The reason is VPN server is a Virtual Multihomed Server that can modify the routing table. You may many options. for example use static address pool or disable netbios over vpn as below link suggests.

Name resulotion on VPN That reason is that VPN server is a Virtual Multihomed Server. The resolution is to disable NetBIOS Over TCP/IP on all interfaces including RRAS interfaces ...
www.chicagotech.net/nameresolutionpnvpn.htm


Bob Lin, MS-MVP, MCSE & CNE
Networking, Internet, Routing, VPN Troubleshooting on http://www.ChicagoTech.net
How to Setup Windows, Network, VPN & Remote Access on http://www.HowToNetworking.com
Have a strange problem with a Windows 2003 SP1 RAS Server, configured as a
VPN Server accepting only inbound VPN IPSec connections. The RAS server is
configured as a router (LAN routing only) and a remote access server. VPN
client IP address assignment is over the internal DHCP server in the LAN and
is working fine. The DHCP Relay agent is installed and configured.

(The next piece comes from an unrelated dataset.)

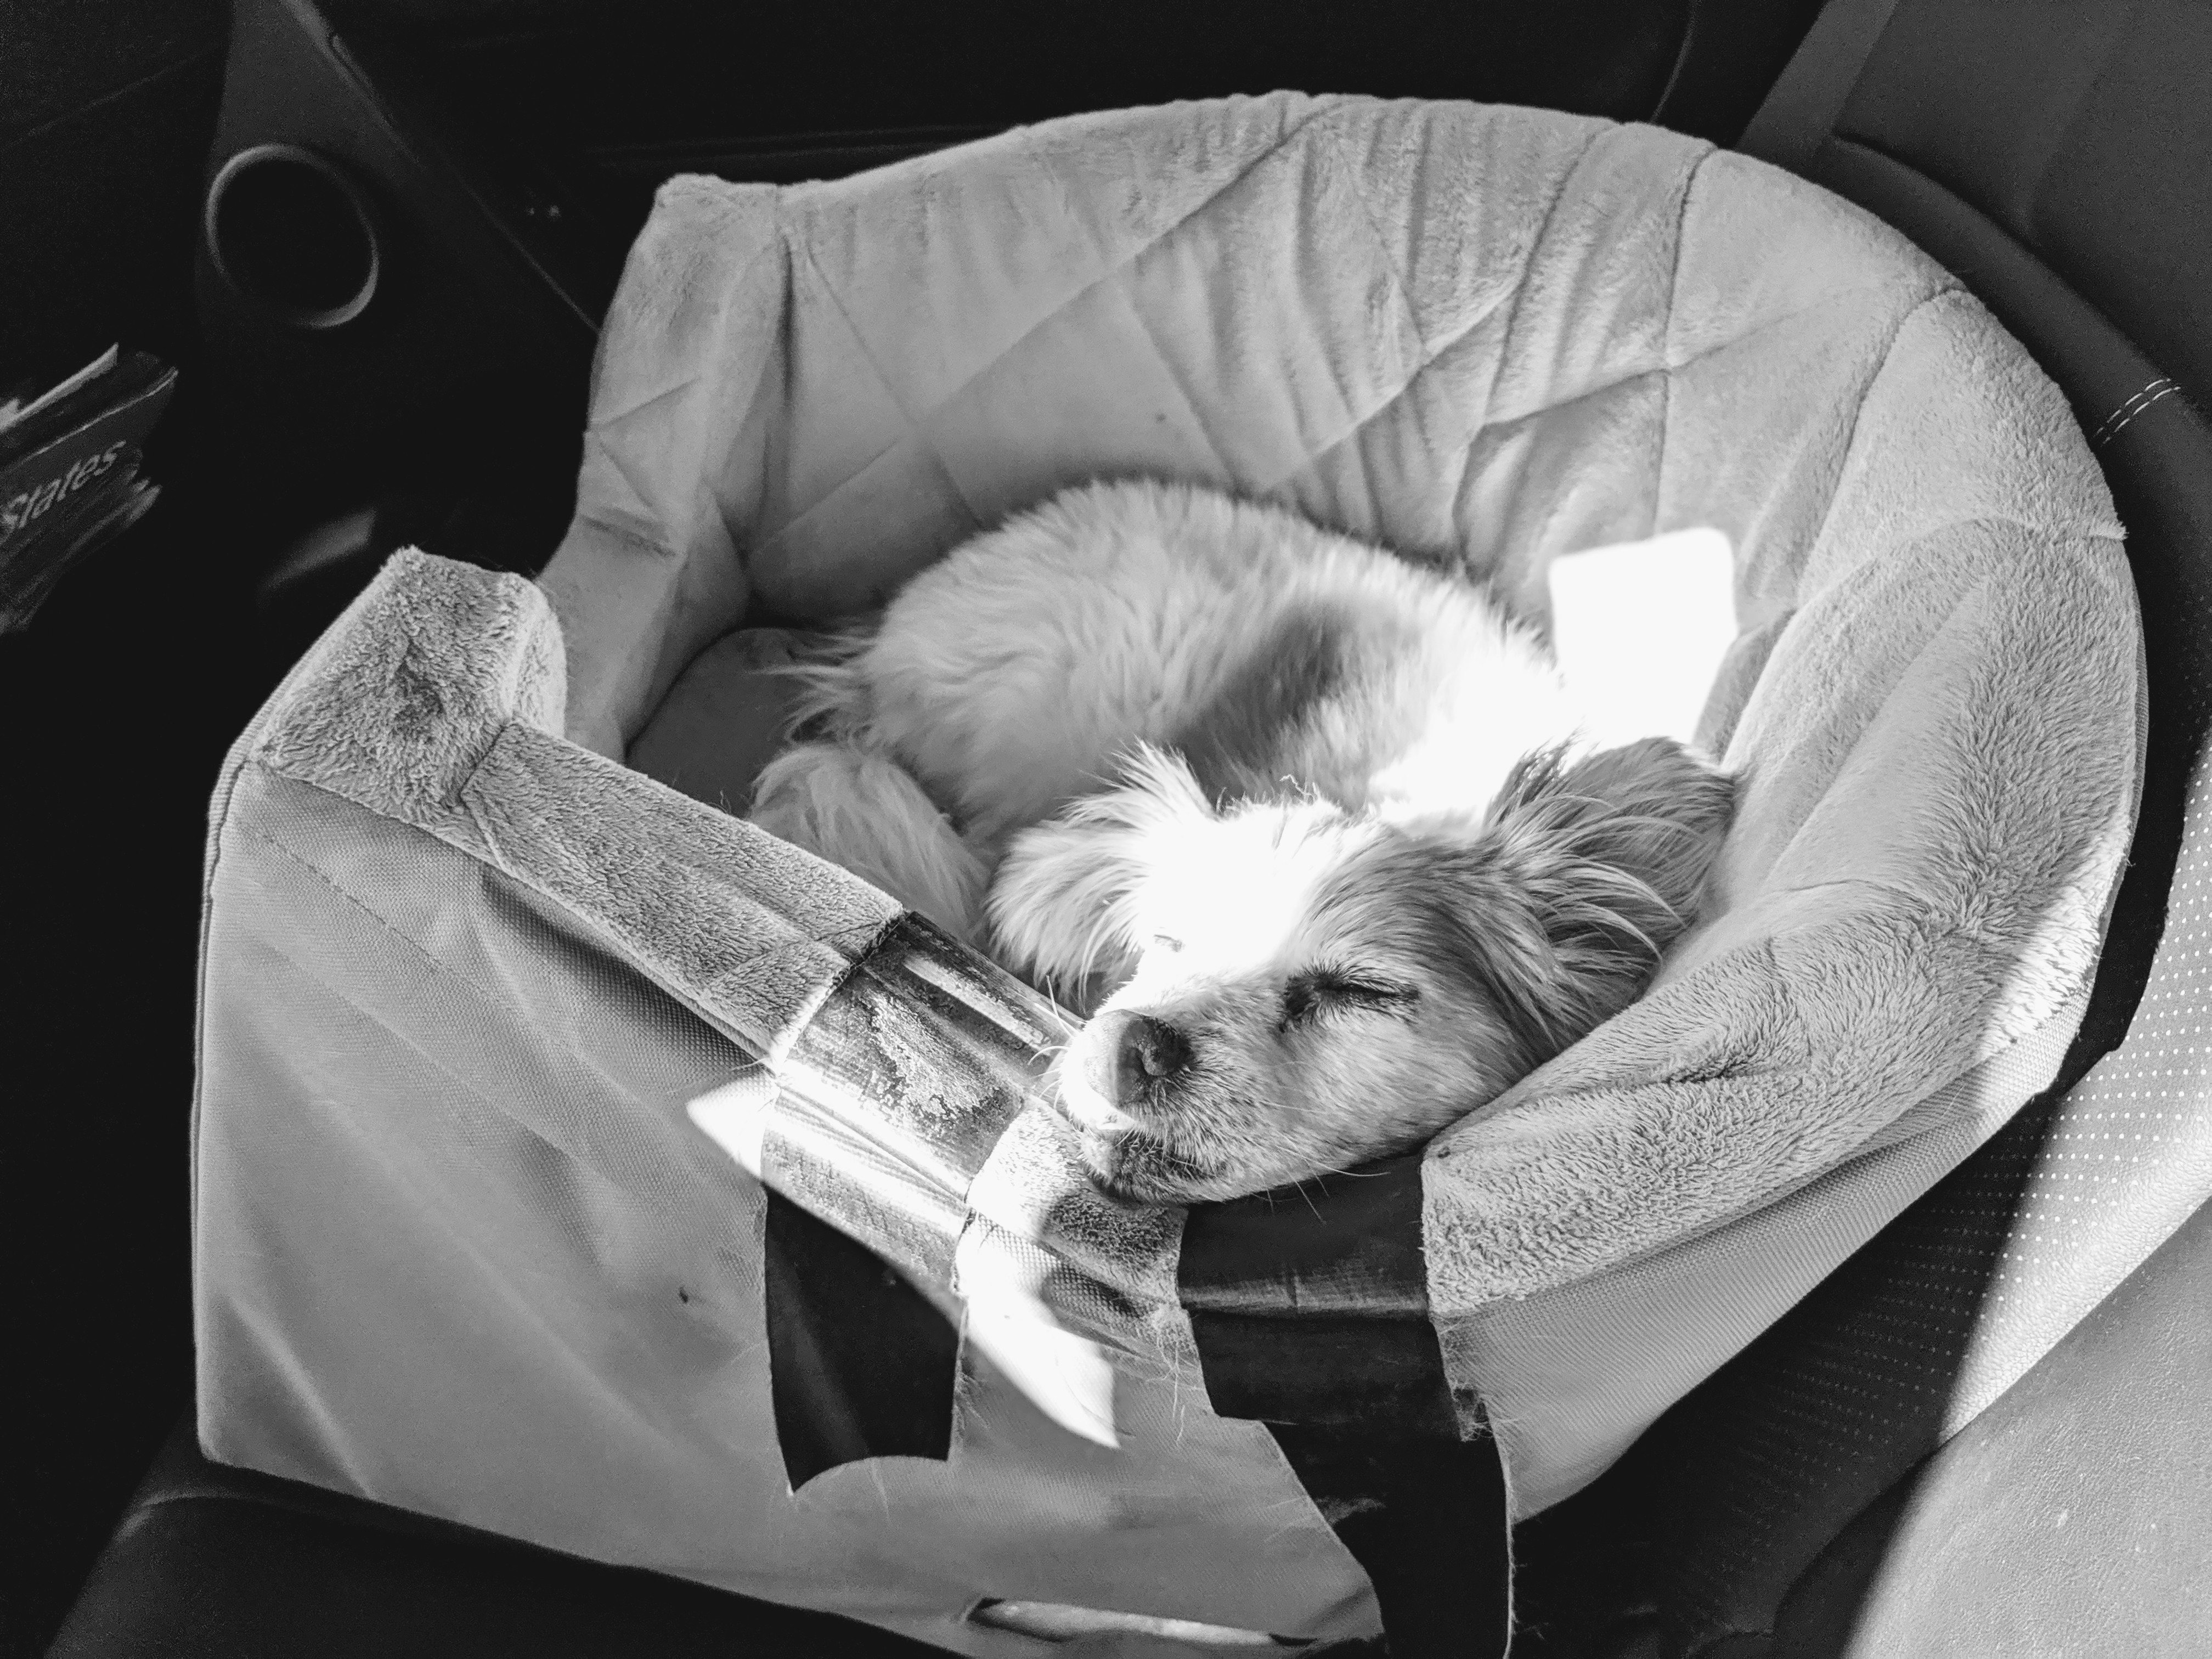 An image of a sleeping dog in a carrier. Right across the dog's face and body is a beam of sunlight, creating sharp contrast. 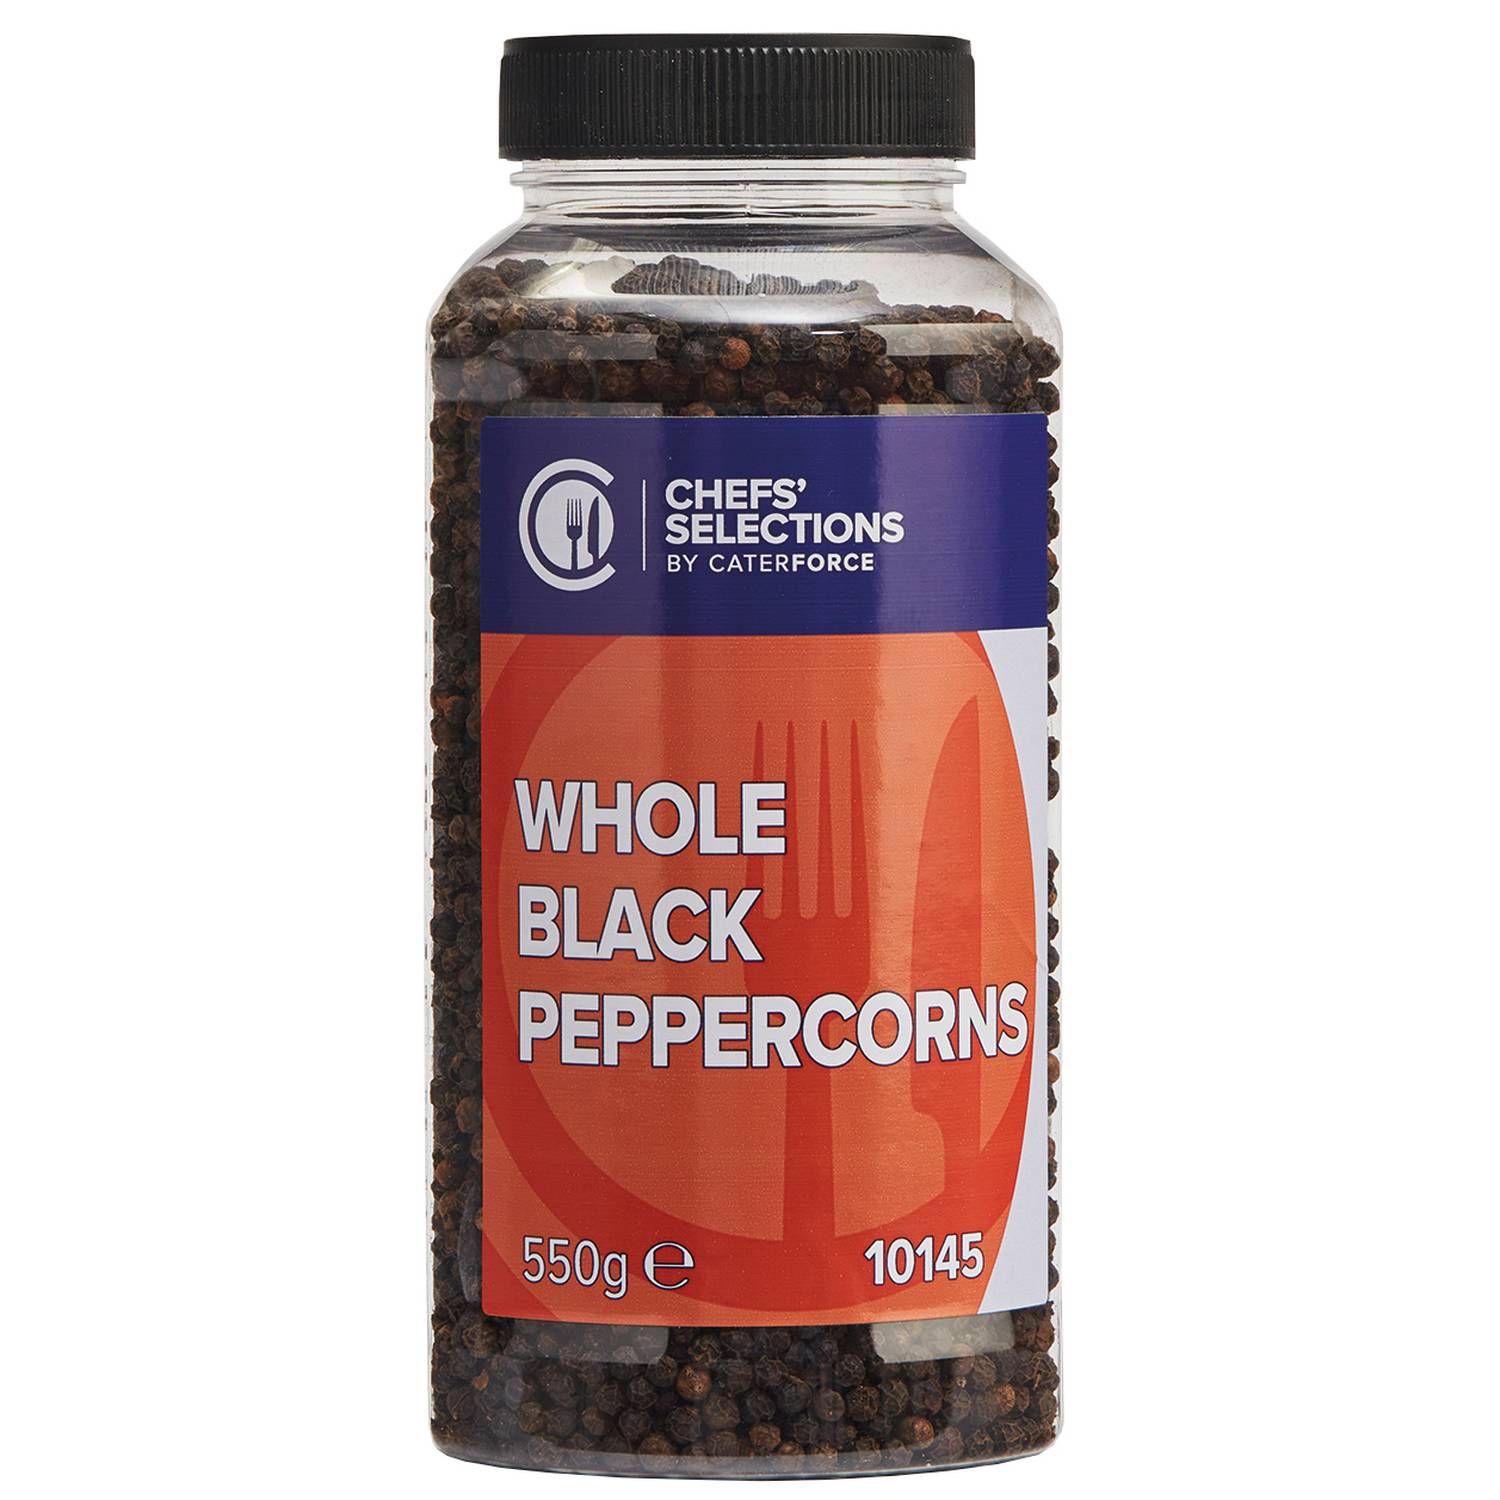 Chefs’ Selections Whole Black Peppercorns (6 x 550g)

The interface connected to the internet is protected by the Windows
firewall, and all internet access (except IPsec) is disabled by the Windows
firewall. So we created some static routes so that VPN clients can access
intranet ressources.

The problem is that sometimes when VPN clients sucessfully to the VPN
server, this static routes are getting wrong entries! After disconnecting,
the routing table is ok again.

Example:
Static entry 172.0.0.0 255.0.0.0 172.29.16.1 172.29.16.6
1
172.0.0.0 is the intranet, 172.29.16.1 is the LAN internal internet gateway,
172.29.16.6 is the IP address of the LAN interface of the VPN RRAS Server.
With this entry, everything works fine.

When a VPN client connects, "route print" shows the following entry (among
others):
172.0.0.0 255.0.0.0 172.29.16.52 172.29.16.58 1
Both addresses 172.29.16.52 and 172.29.26.58 are IP addresses of the DHCP
scope, assigned to the VPN server.

Does anybody have an idea what's going on here? Thank you all in advance for
any help!
Franz

 

[Franz Schenk]

Thank you for your feedback and the intersting link. But we still have the same problem.

We had already disabled NetBIOS over IP on the Interface connected to the Internet (for security reasons). Also verified the WINS database, there were no entries of this interface. But the interface was indeed registred in DNS. Deleted this record and added the Registry keys described in the KB article to prevent DNS registration of the VPN interface.

Have then exactly followed the instruction of KB 292822, because the server is DC, DNS, WINS and also Global Catalog Server. Rebooted the server, but still have the same problem.

Also tried to use DHCP option 249 (classless static route), no help.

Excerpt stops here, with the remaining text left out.